Draft Genome Sequence of Bacillus cereus ET31, Isolated from an Extreme Environment.

Bacillus cereus is a Gram-positive, widely distributed bacterium that has a high level of metabolite production. Here, we report the draft genome sequence of a B. cereus strain exhibiting high and diverse hydrolytic potential that was isolated from glacial water samples from Svalbard, Norway.

ANNOUNCEMENT

Bacterial communities associated with glaciers found all over the world are being increasingly studied for their potential biotechnological applications (1). The Svalbard archipelago (74° to 81° N, 10° to 35° E) comprises an area of 62,248 km2 with more than 2,000 glaciers, and ice covers 60% of its surface (2). As a result, the draft genome sequence of Bacillus cereus ET31, which was isolated from glacier sediment from Svalbard Islands and has a high and diverse hydrolytic potential, is reported here.

Bacillus cereus is a Gram-positive, rod-shaped, aerobic or facultatively anaerobic, motile, beta-hemolytic, spore-forming bacterium that is widely distributed environmentally due to its ability to form thermoresistant endospores and biofilms and to grow over a broad temperature range (3, 4). Moreover, B. cereus has a high level of production of diverse metabolites, including bacteriocins, autolysins, and enzymes, particularly proteases (5–9).

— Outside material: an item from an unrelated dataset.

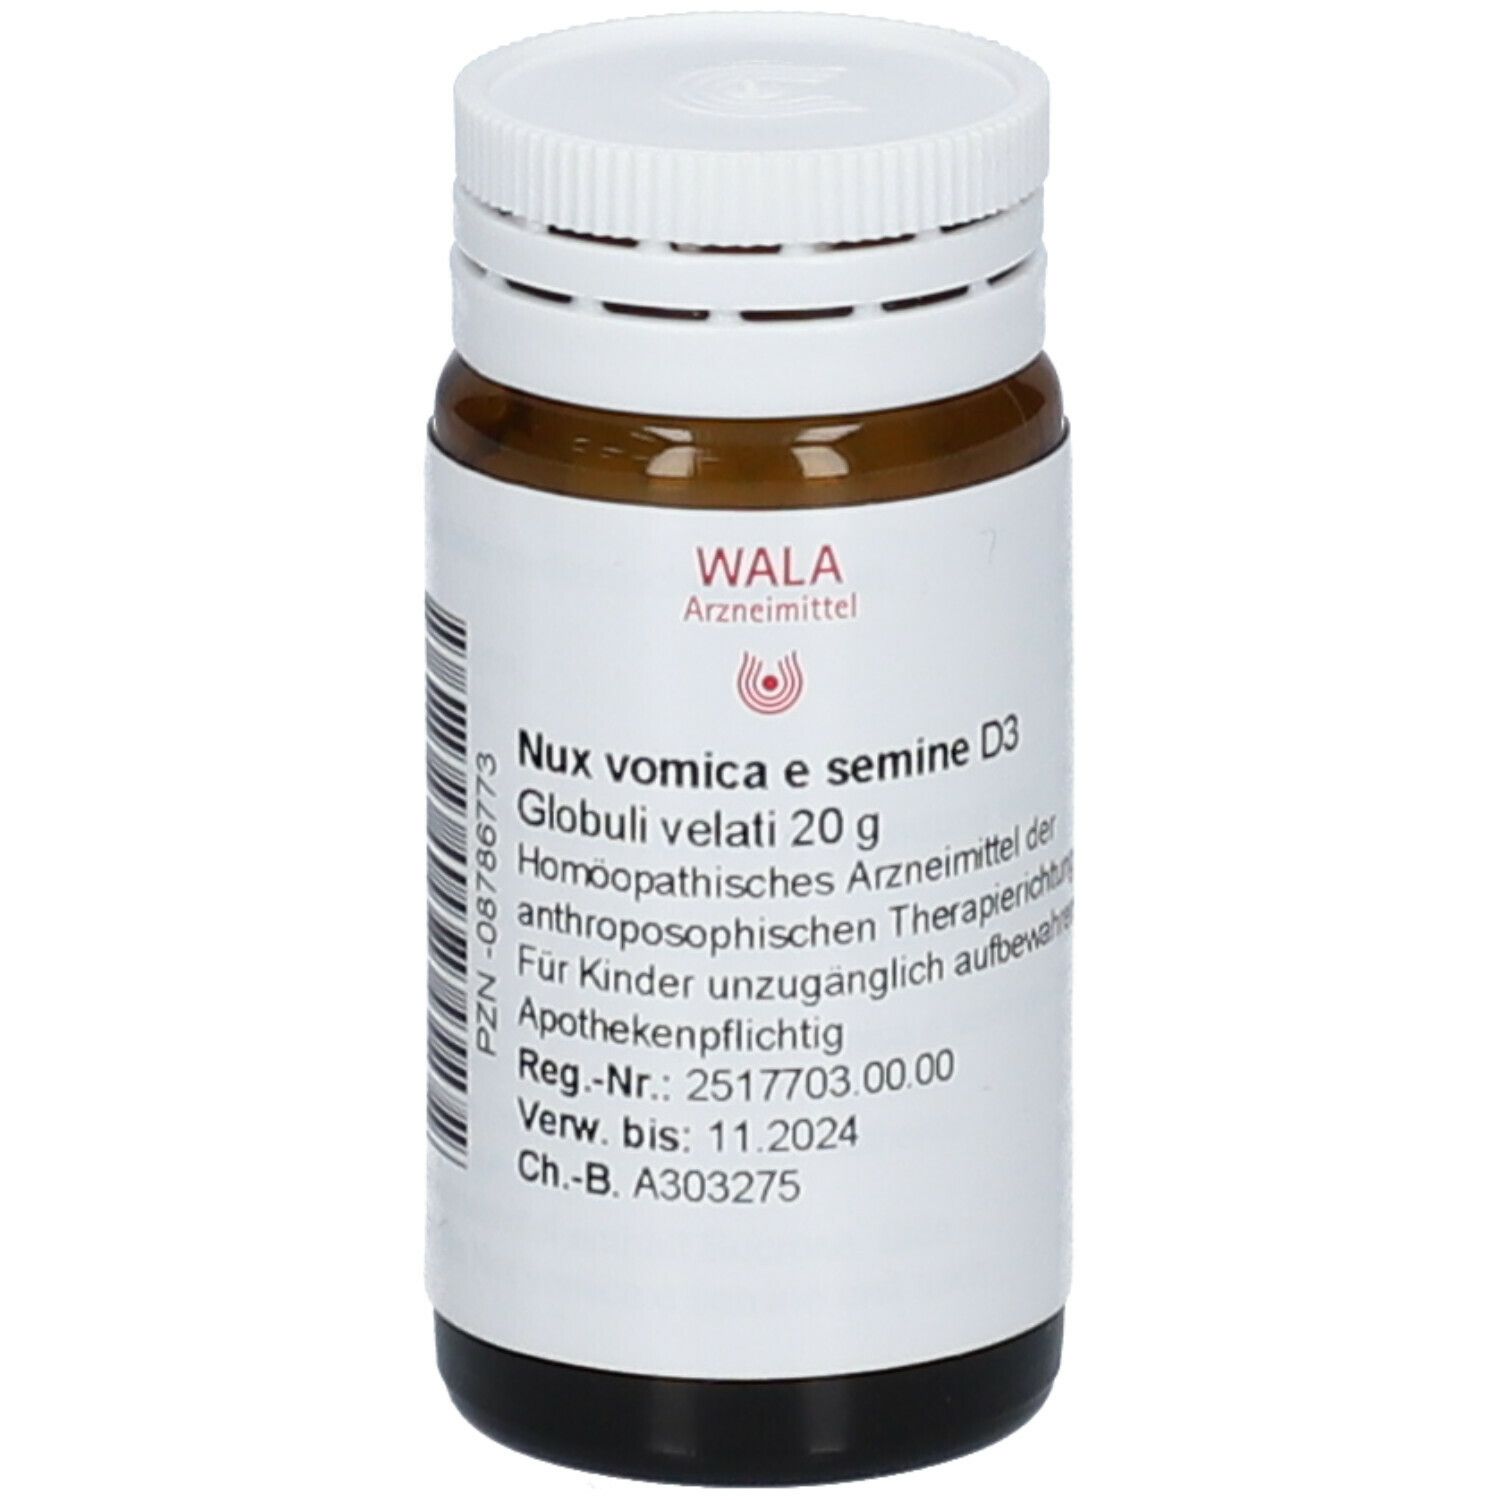 Wala® Nux vomica e semine D 3
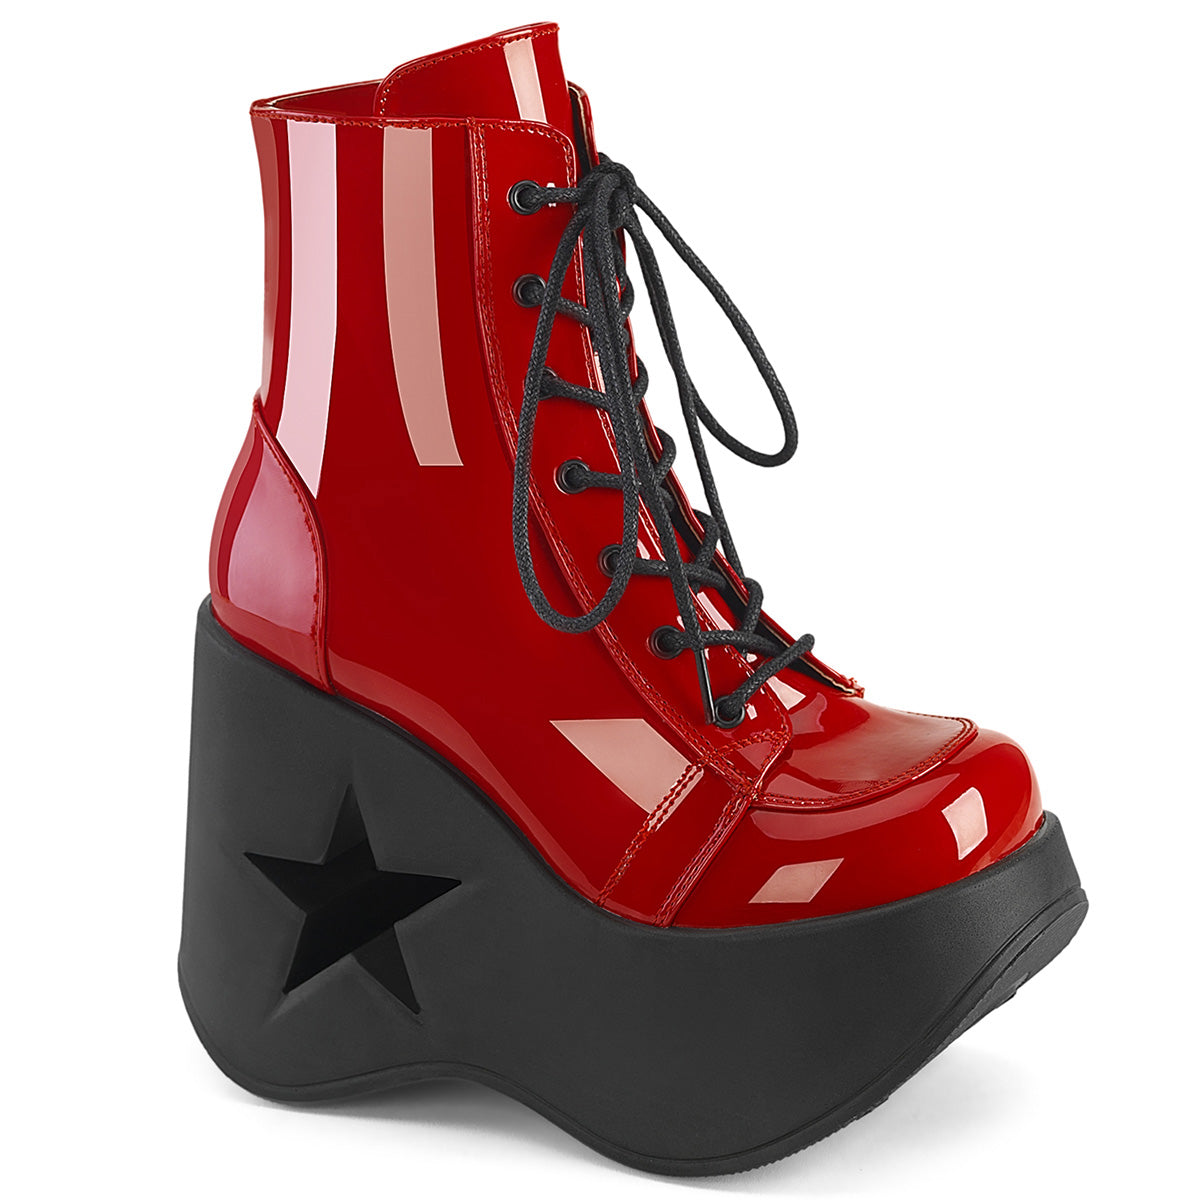 DYNAMITE-106 Alternative Footwear Demonia Women's Ankle Boots Red Pat

This article reports the draft genome sequences of B. cereus strain ET31, isolated from glacial water in Svalbard, Norway (10). Bacteria were isolated on Antarctic bacterial medium (ABM) agar (0.5% [wt/vol] peptone, 0.2% [wt/vol] yeast extract, and 1.5% [wt/vol] agar, pH 7.0) at 12°C under aerobic conditions. Bacillus cereus ET31 was identified among 300 bacterial isolates obtained from glacier water from geologically and hydrologically diverse regions of southern Svalbard. Genomic DNA extraction from one culture, grown as described previously, was performed according to Haught et al. (11). The DNA was sent to MicrobesNG, a next-generation sequencing (NGS) service provider in the United Kingdom, for 16S rRNA and whole-genome sequencing. DNA was quantified in triplicates with the Quant-iT double-stranded DNA (dsDNA) high-sensitivity (HS) assay (Invitrogen) in an Ependorff AF2200 plate reader. The genomic DNA library was prepared using the Nextera XT library prep kit (Illumina, San Diego, CA), following the manufacturer’s protocol with the following modifications: 2 ng of DNA was used as input instead of 1 ng, and PCR elongation time was increased to 1 min from 30 s. DNA quantification and library preparation were carried out on a Hamilton Microlab Star automated liquid-handling system. The library was quantified using the Kapa Biosystems library quantification kit for Illumina on a Roche LightCycler 96 quantitative PCR (qPCR) machine. The library was sequenced with 52-fold coverage on the Illumina HiSeq platform using a 250-bp paired-end protocol, producing 714,745 reads. Reads were adapter trimmed using Trimmomatic v. 0.30 with a sliding window quality cutoff of Q15 (12). FastQC v. 0.11.8 with default parameters was used to check the quality of the validated reads (13). Reads were de novo assembled into 34 contigs using SPAdes v. 3.7 (14). The quality of the assembly was evaluated with Quast (15). Taxonomic assignment of the reads was calculated using Kraken (16), and Prokka v. 1.11 (17) was used for genome annotation. Protein function was predicted by performing sequence similarity queries against the UniProt Knowledgebase (UniProtKB) (18).

The assembled draft genome had a length of 5,875,600 bp, with a GC content of 34.9%. The largest contig was 2,021,752 bp long, the L50 was 2, and the N50 value equaled 1,600,101 bp. The majority of reads (94.07%) were classified into the genus Bacillus, and 59.55% were placed in the B. cereus group. The draft genome contained 5,859 protein coding sequences, with 2,535 of them identified as encoding hypothetical proteins, 99 tRNA sequences, 13 sequences identified as 5S rRNAs, and 1 as a 16S rRNA.

Data availability.

The whole-genome shotgun project of B. cereus ET31 has been deposited at DDBJ/ENA/GenBank under accession number VSSM00000000, BioProject number PRJNA560934, and BioSample number SAMN12603168. The raw sequencing reads were deposited to the Sequence Read Archive (SRA) under accession number SRR9997721. The version described in this paper is the first version, VSSM01000000.